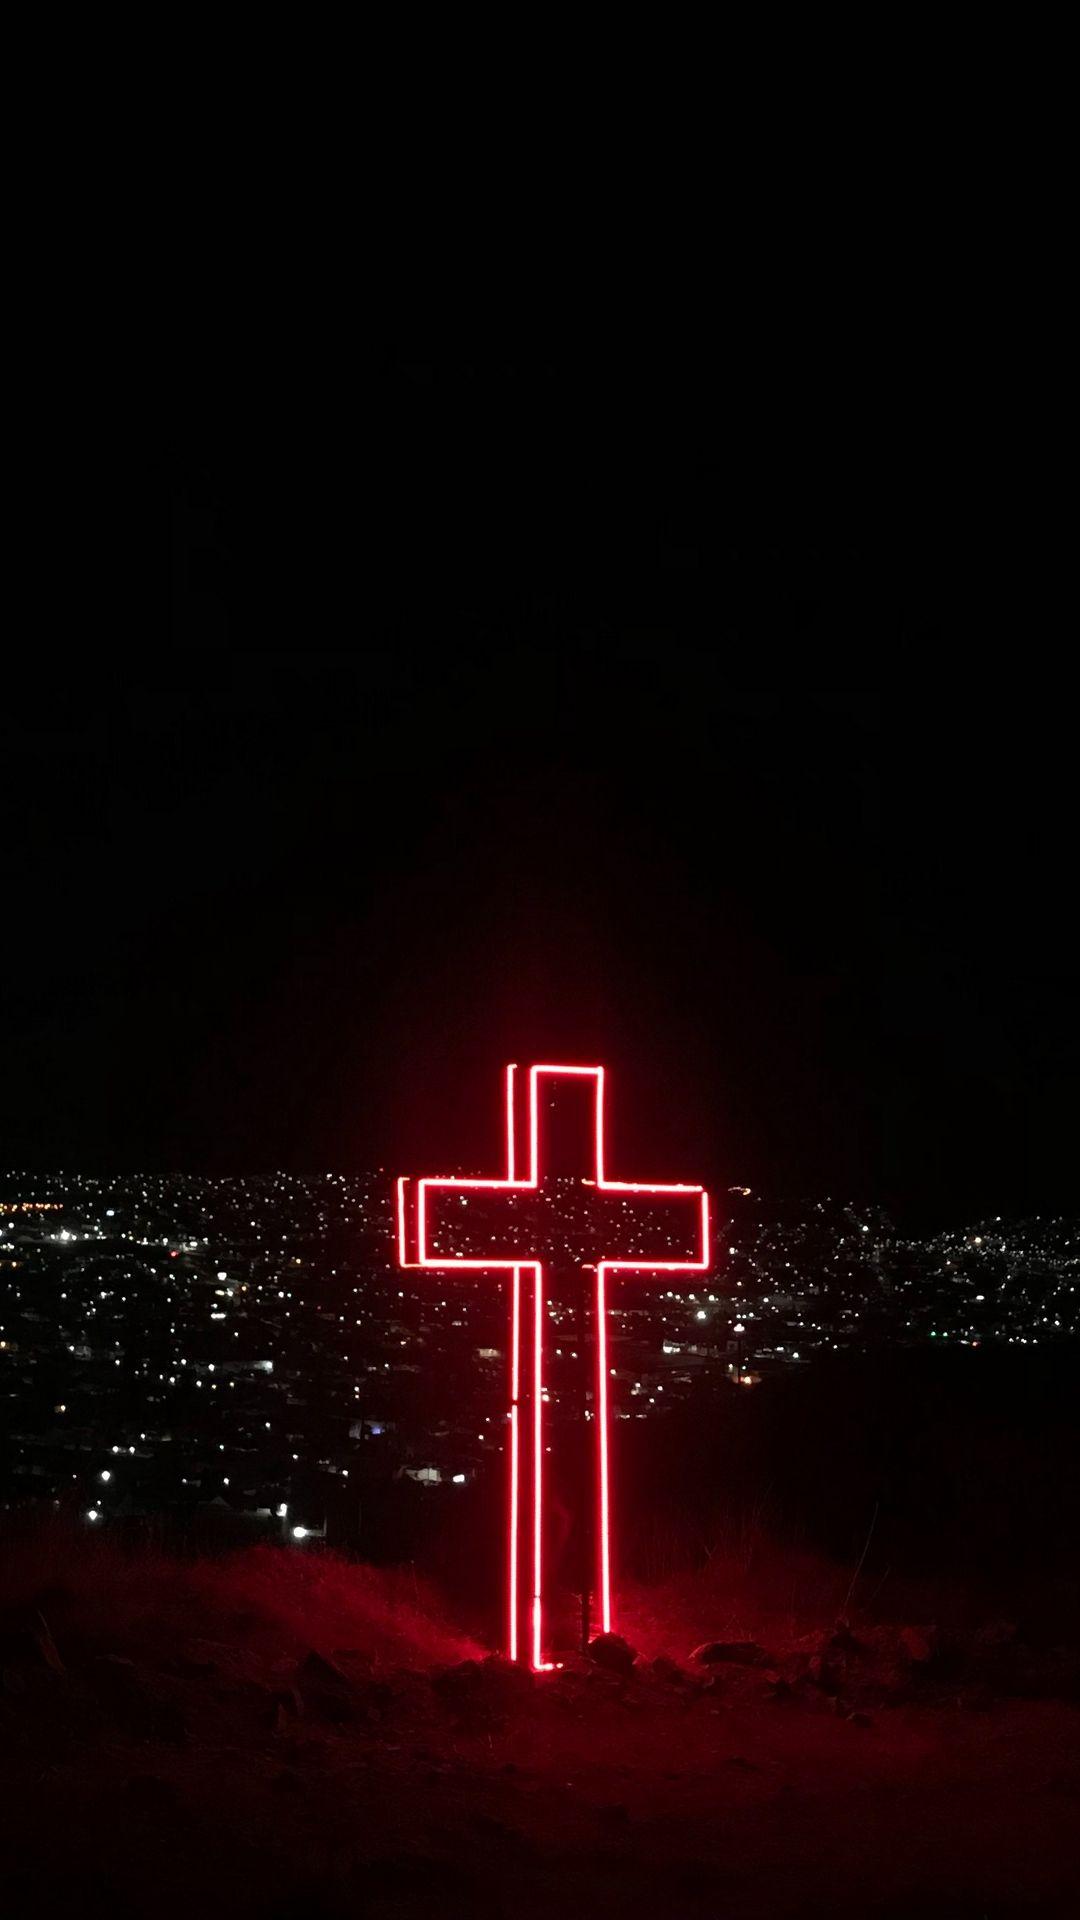 A red cross on top of the hill at night - Christian, cross
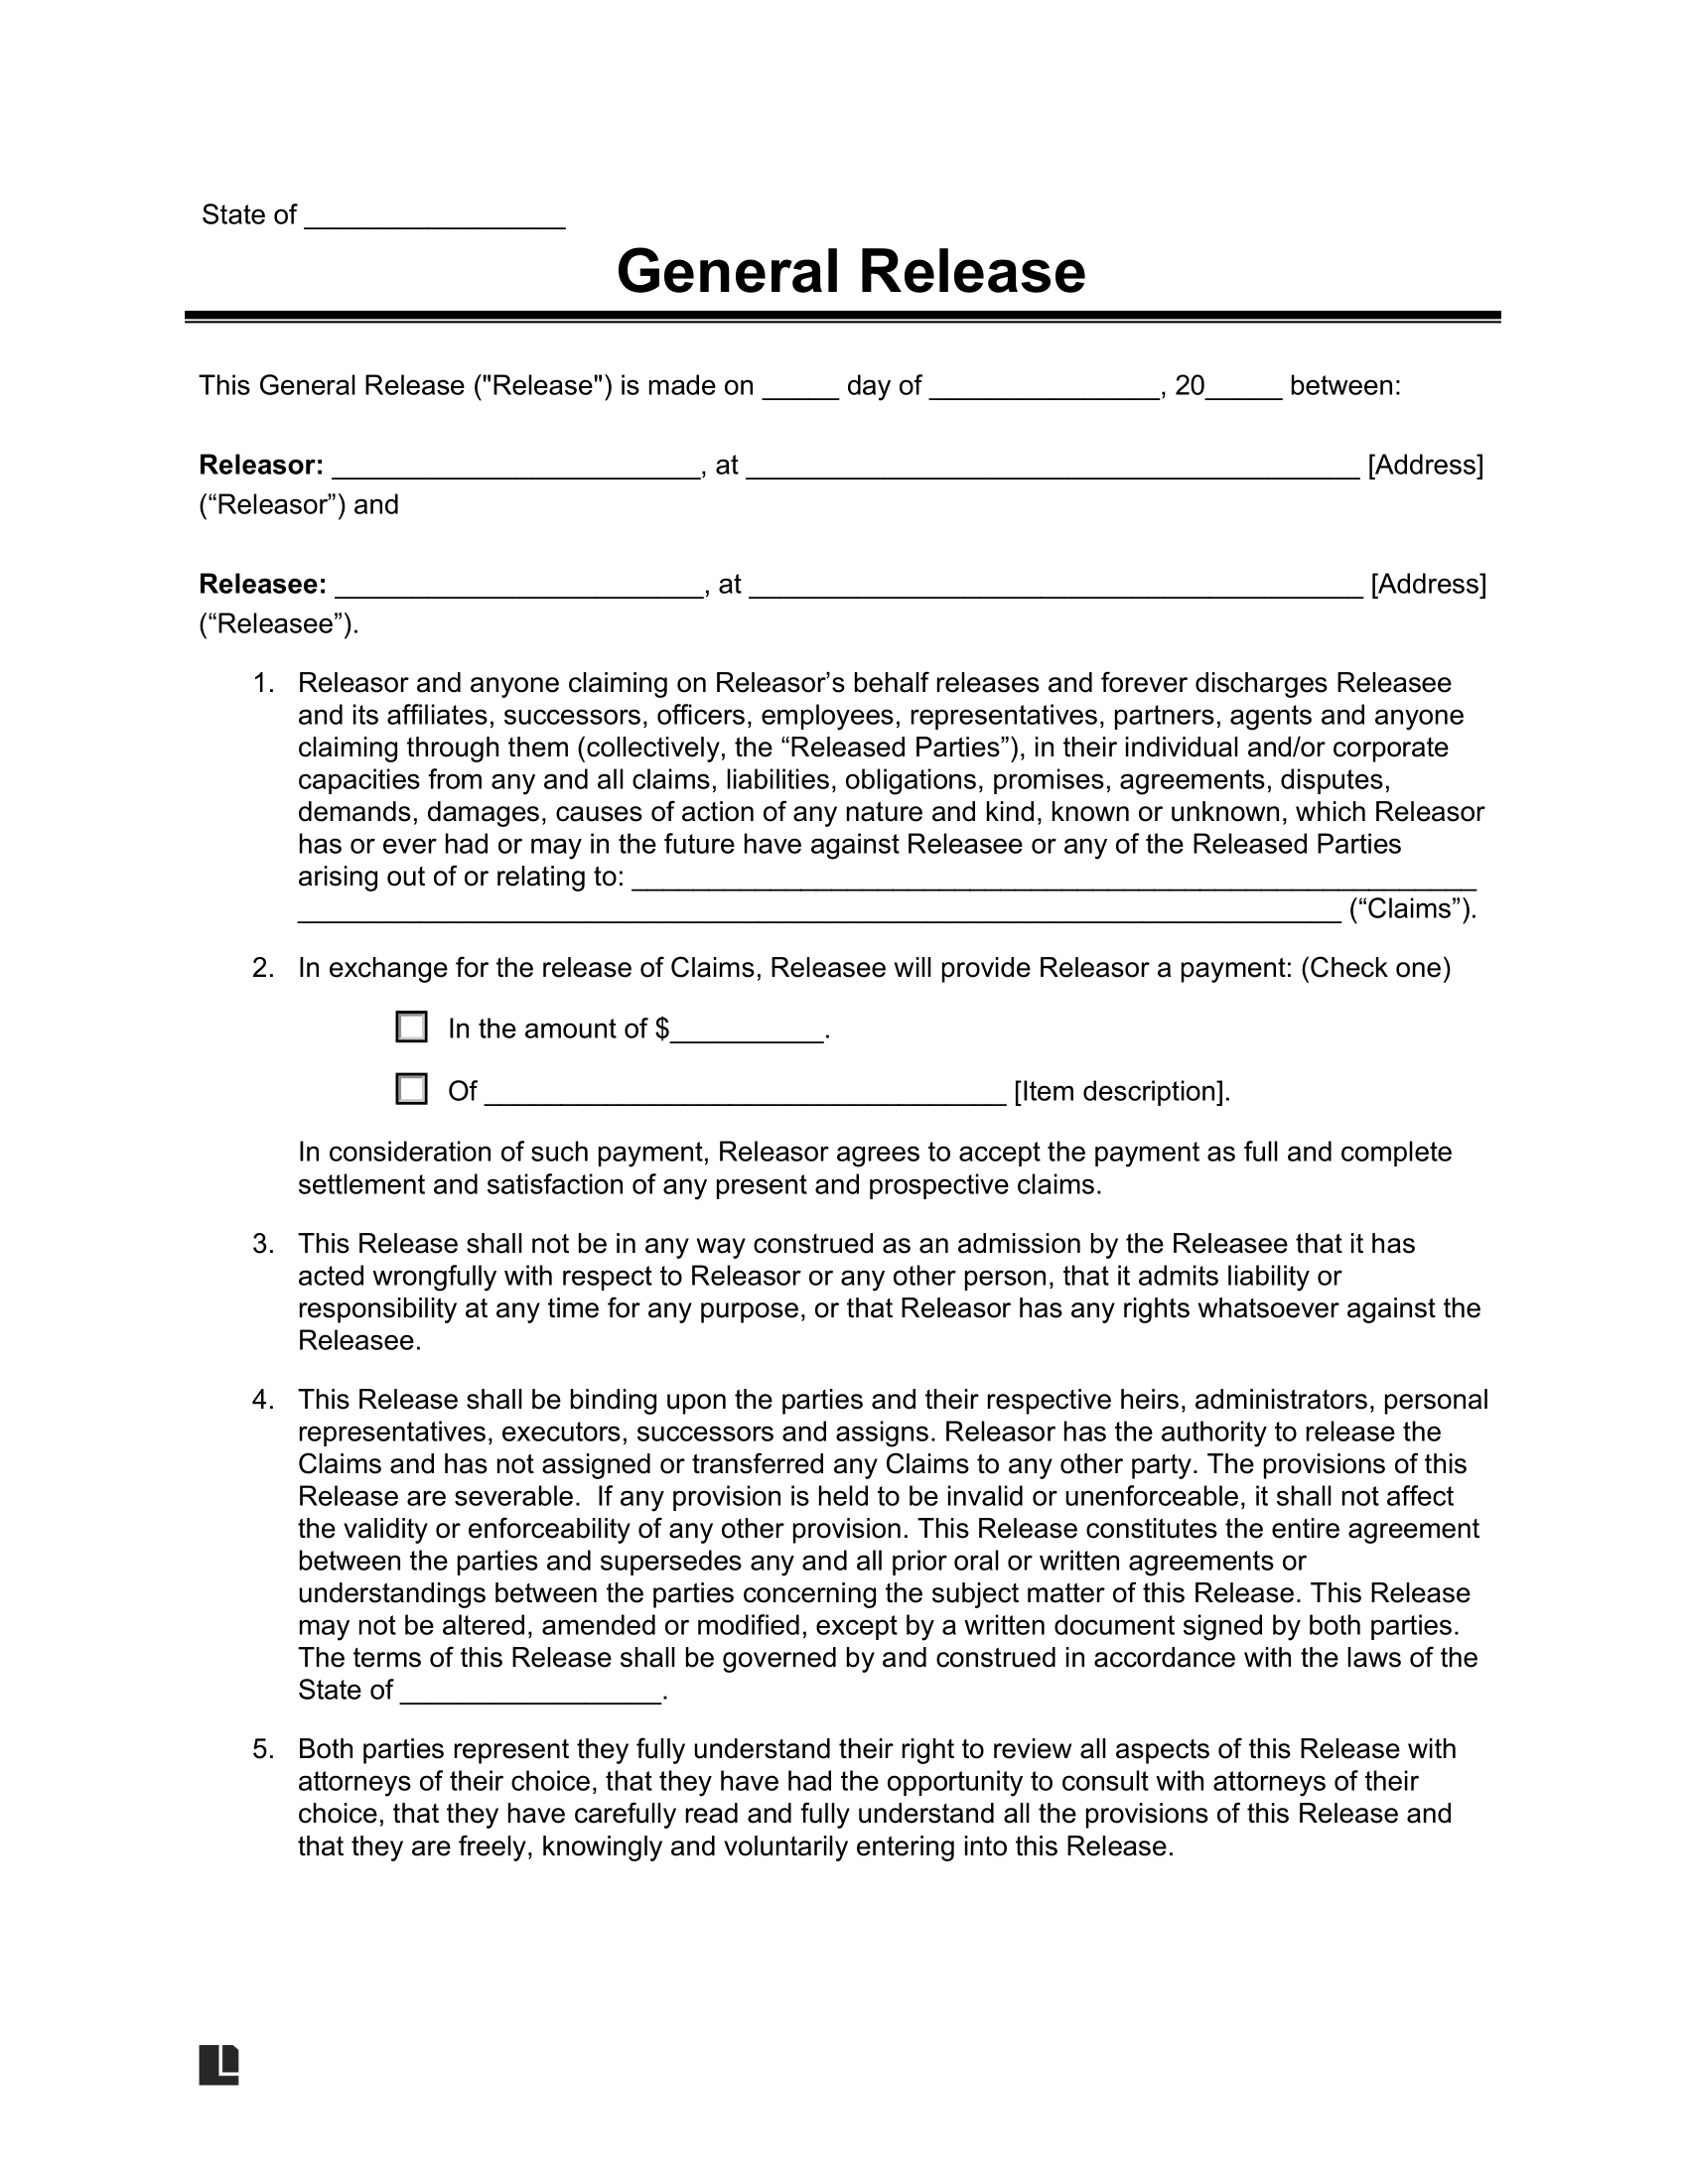 Release of Liability (Waiver Form)
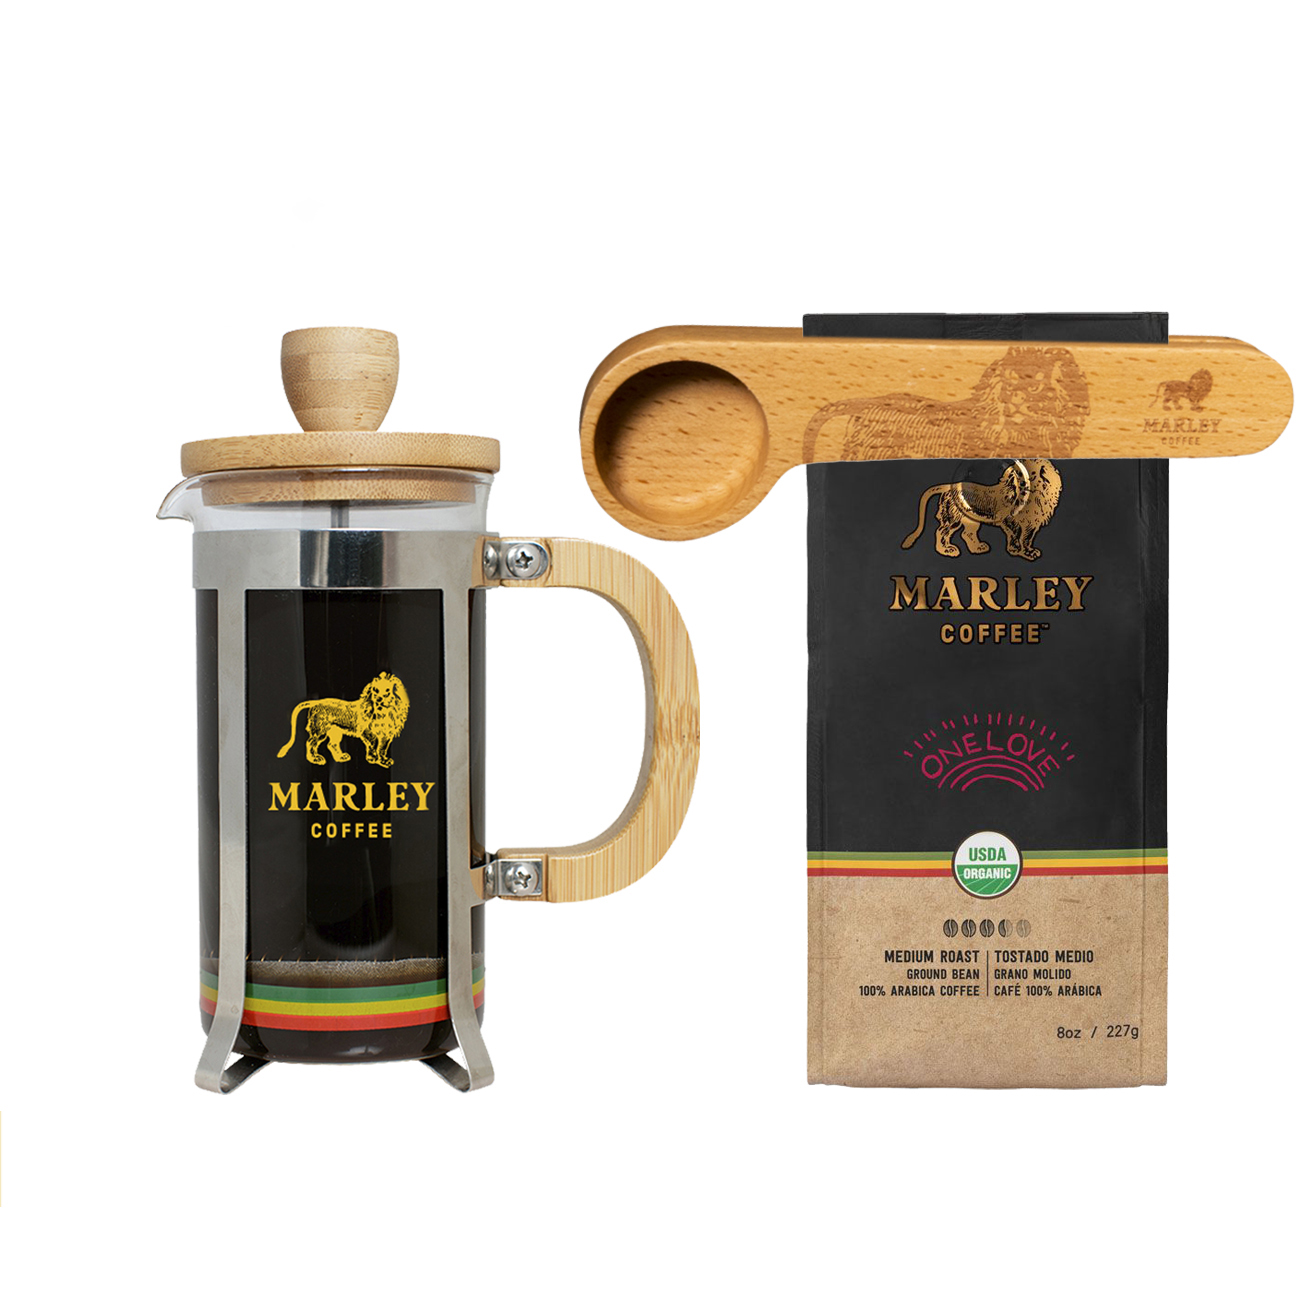 Marley Coffee Packs a Domicilio - One Drop Chile

### [EXERCISE DESCRIPTION]
Give all of the material again, exactly, apart from the pictures.

### [REPLY]
 A red cross on top of the hill at night - Christian, cross
 Release of Liability (Waiver Form)
 Marley Coffee Packs a Domicilio - One Drop Chile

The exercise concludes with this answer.